@SanathDevalapurkar And how do you propose to use dessin de'nfants?

To my understanding, G-T theory is no use here.

and how do you propose to "relate dessin d'enfants to this inverse limit construction"?

there's no apparent connection. do you have something else in mind?

@SanathDevalapurkar

I kind of have something of an idea, if you must know, @Sanath, but it's not entirely interesting.

Probably irrelevant

@Sanath digression : if you have an algebraic variety X over $\bar {\mathbf Q}$, and you have the corresponding dessin $\Gamma_X$, shouldn't $\text{Gal}(\mathbf Q(X)/\mathbf Q)$ act on $\Gamma_X$ by isometries?

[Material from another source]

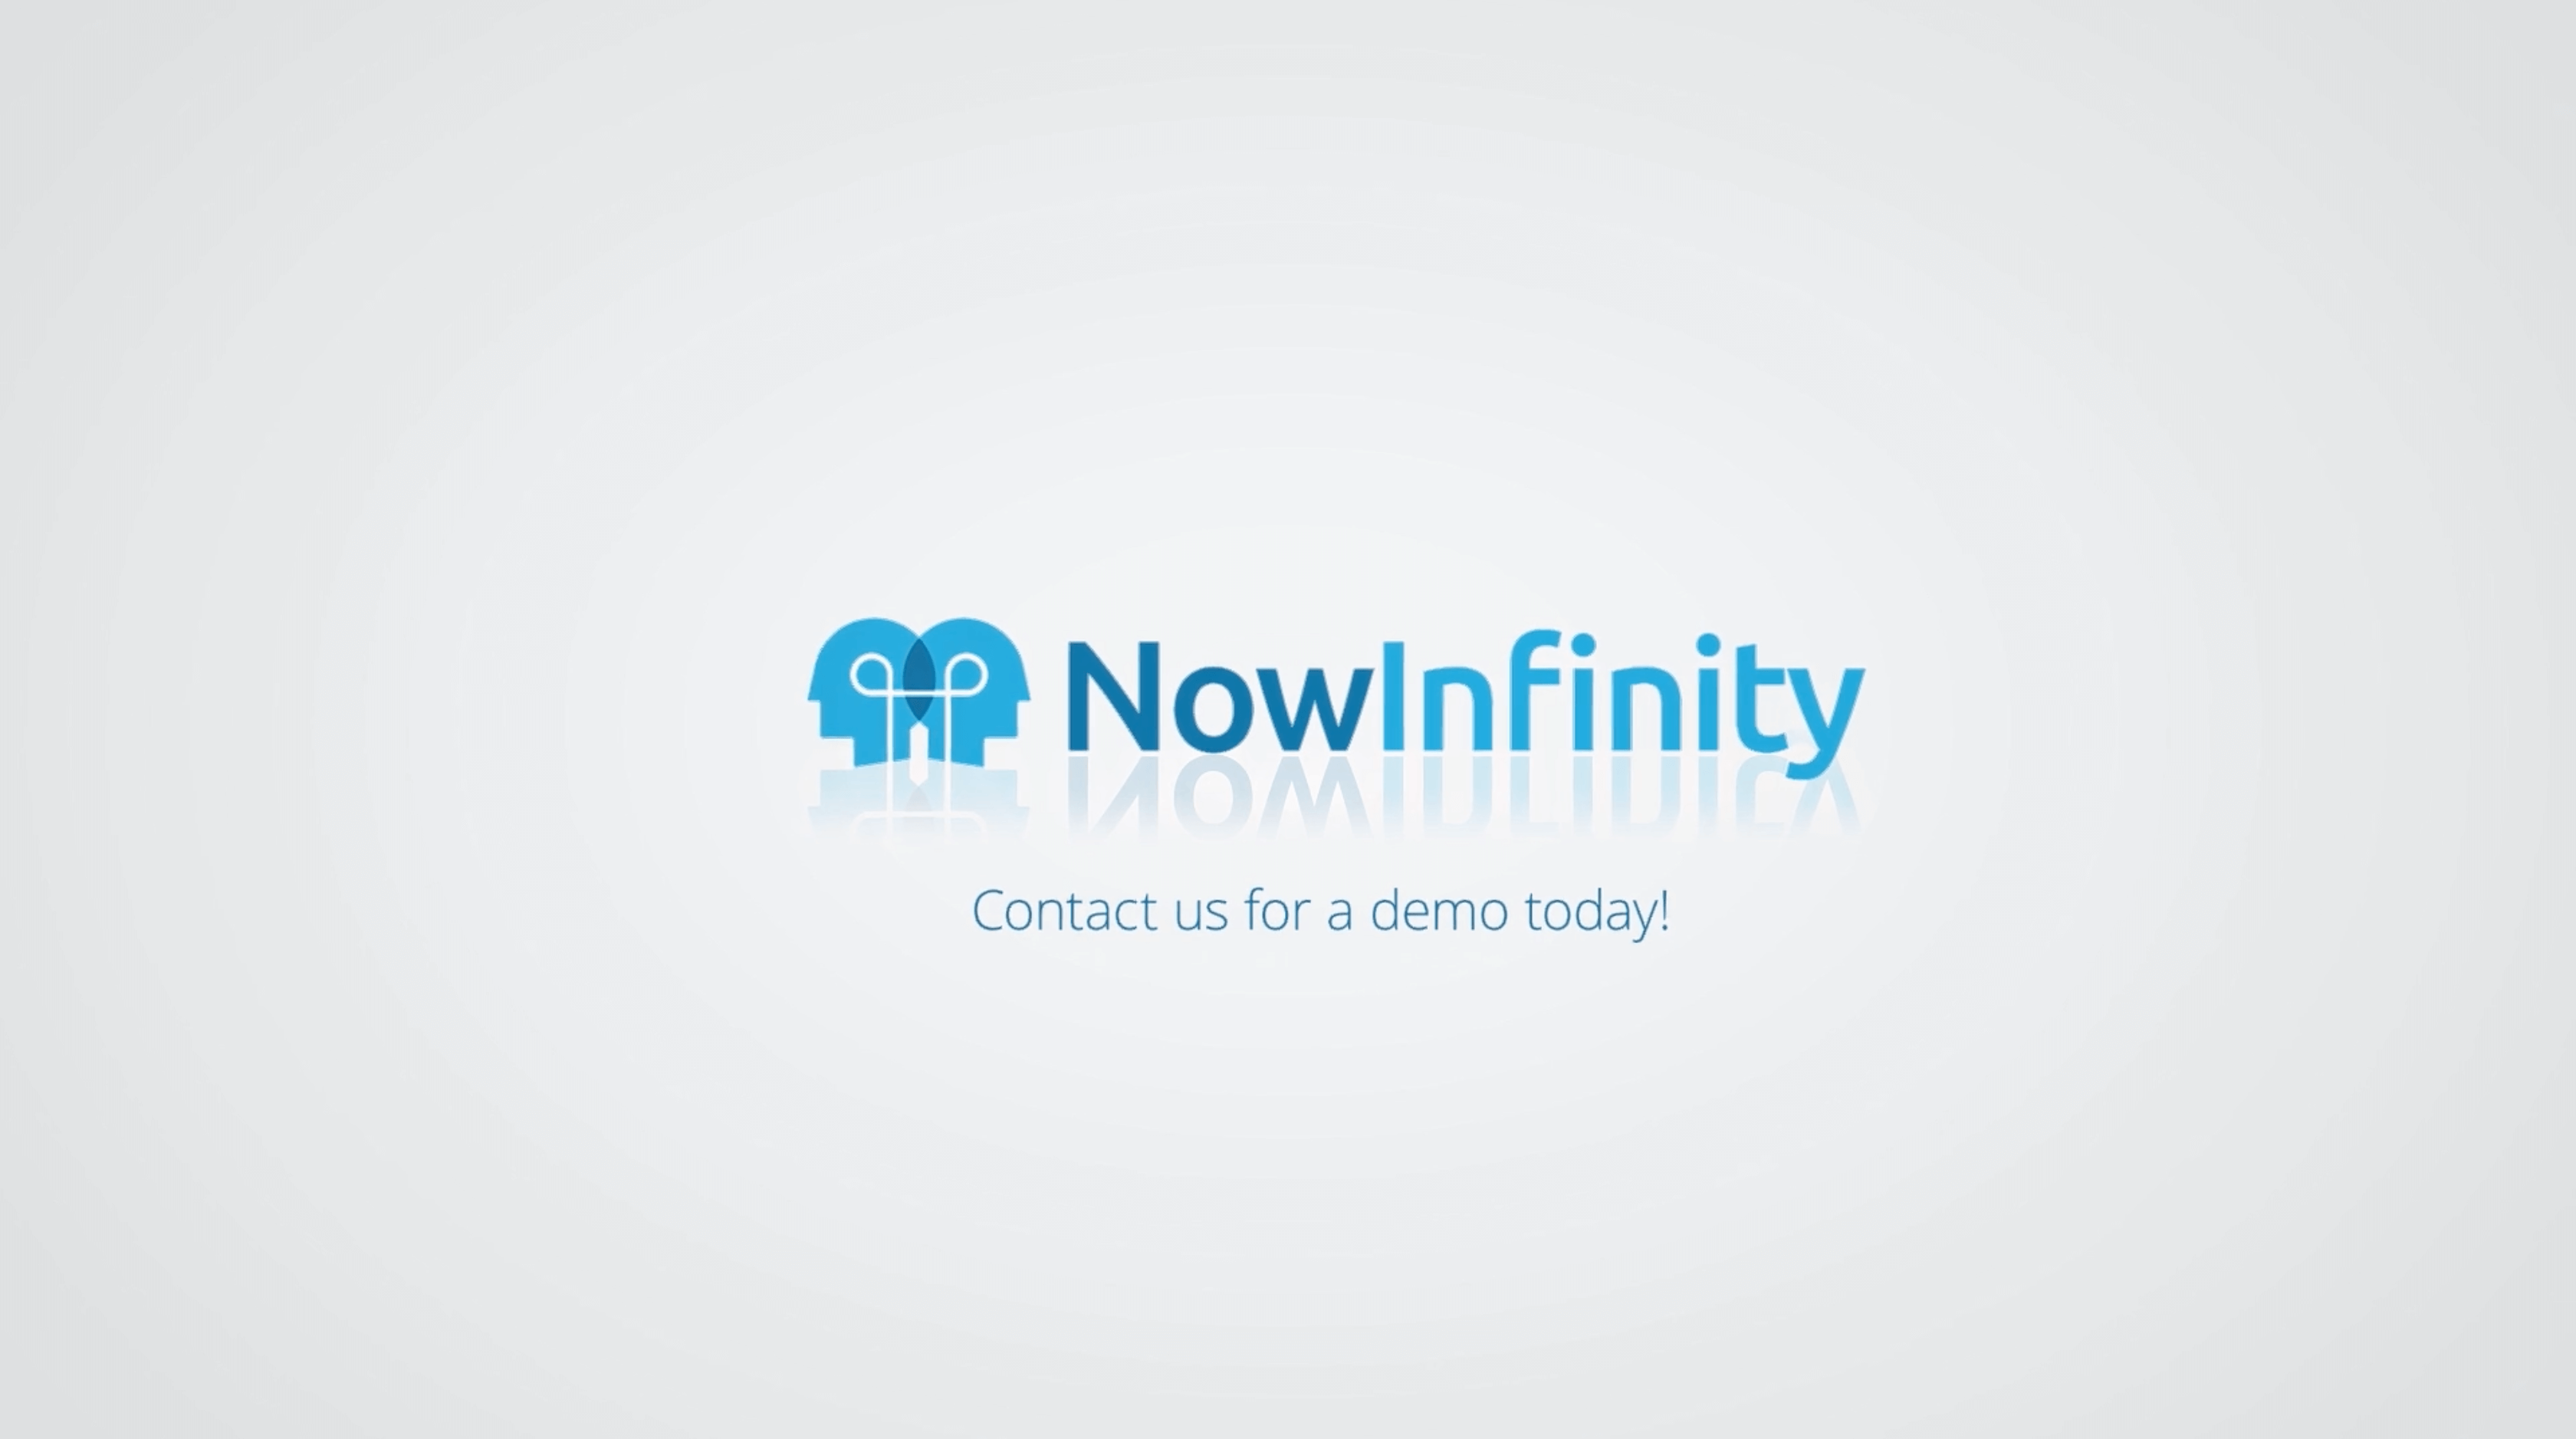 NowInfinity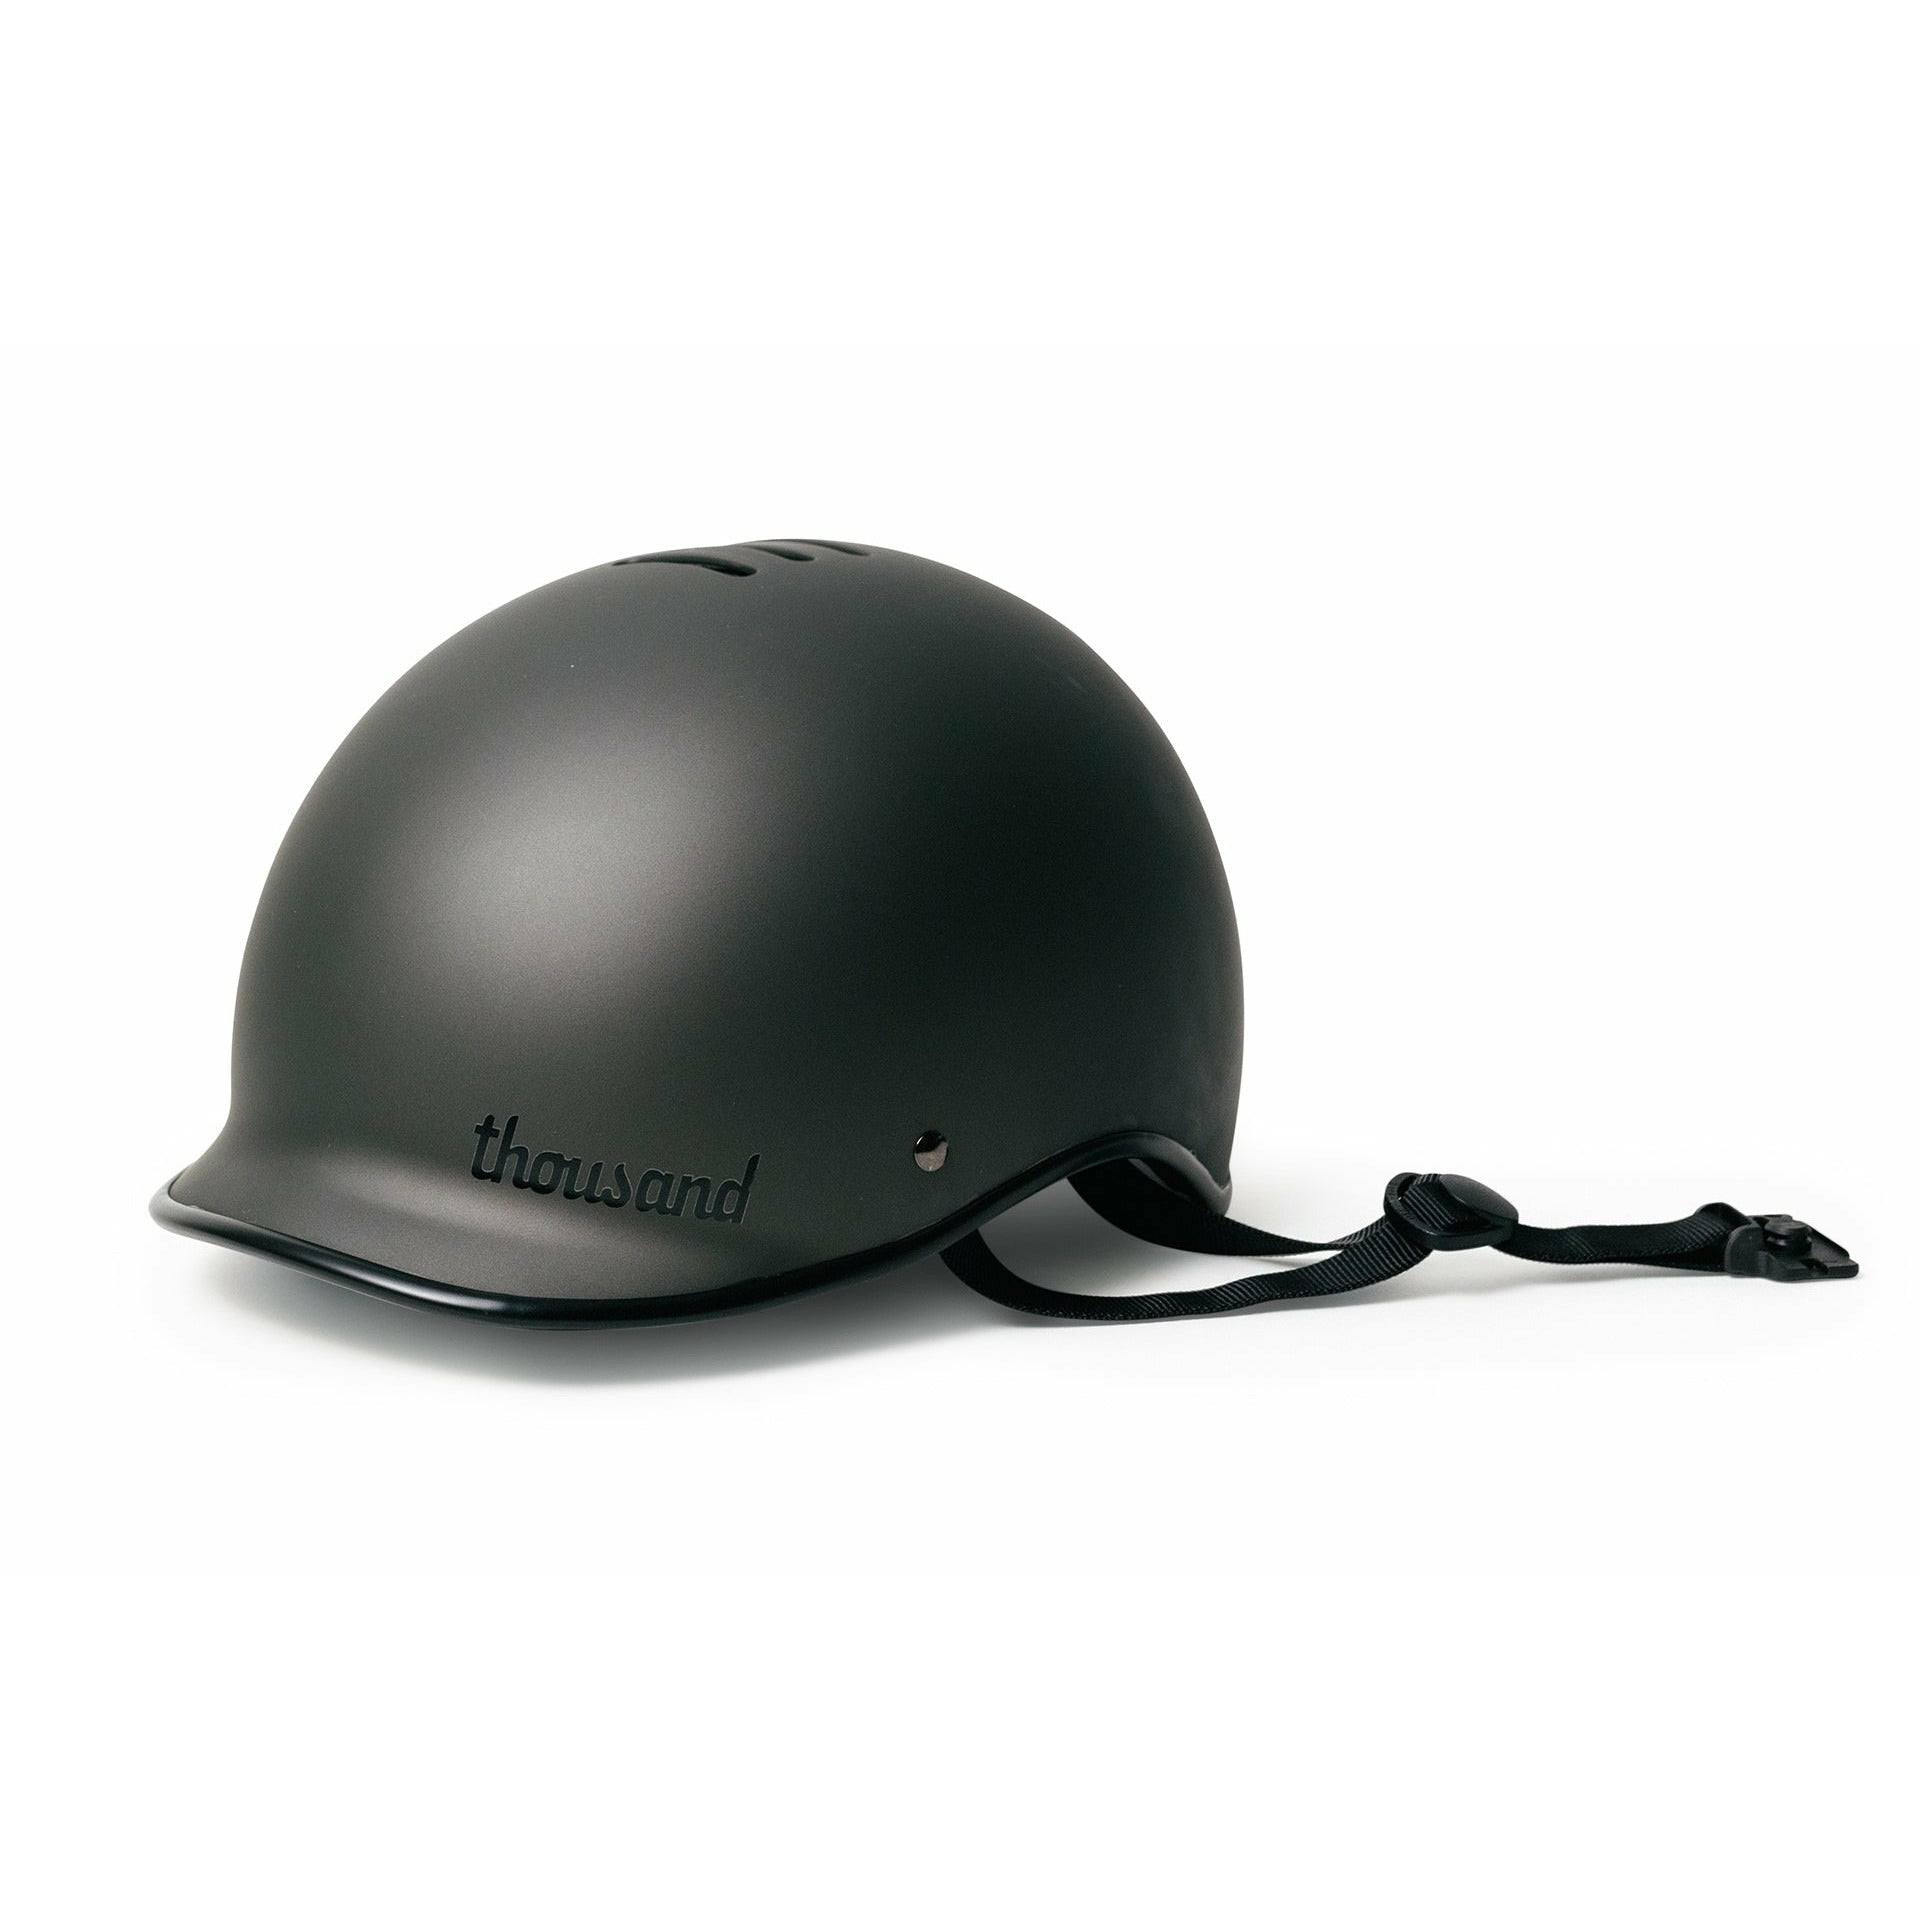 Thousand Heritage Helmet - Stealth Black - Medium

was just wondering, because if it does, then this galois group must also act on the collection of little nbhds around the nodes of $\Gamma_X$ on the corresponding $\{0, 1, \infty\}$-branched Riemann surface transitively, so one should be able to realize this thing as a subgroup of automorphisms of the Riemann surface.

and then one should be able to tell something about the order of this, I suppose, by Hurwitz's theorem.

Hello @Sanath

Oh. I thought this was the Homotopy Theory room that you mentioned in the regular chat. I will leave

I have just used Belyi's theorem right up there

there would be no $\Gamma_X$ if there was no Belyi.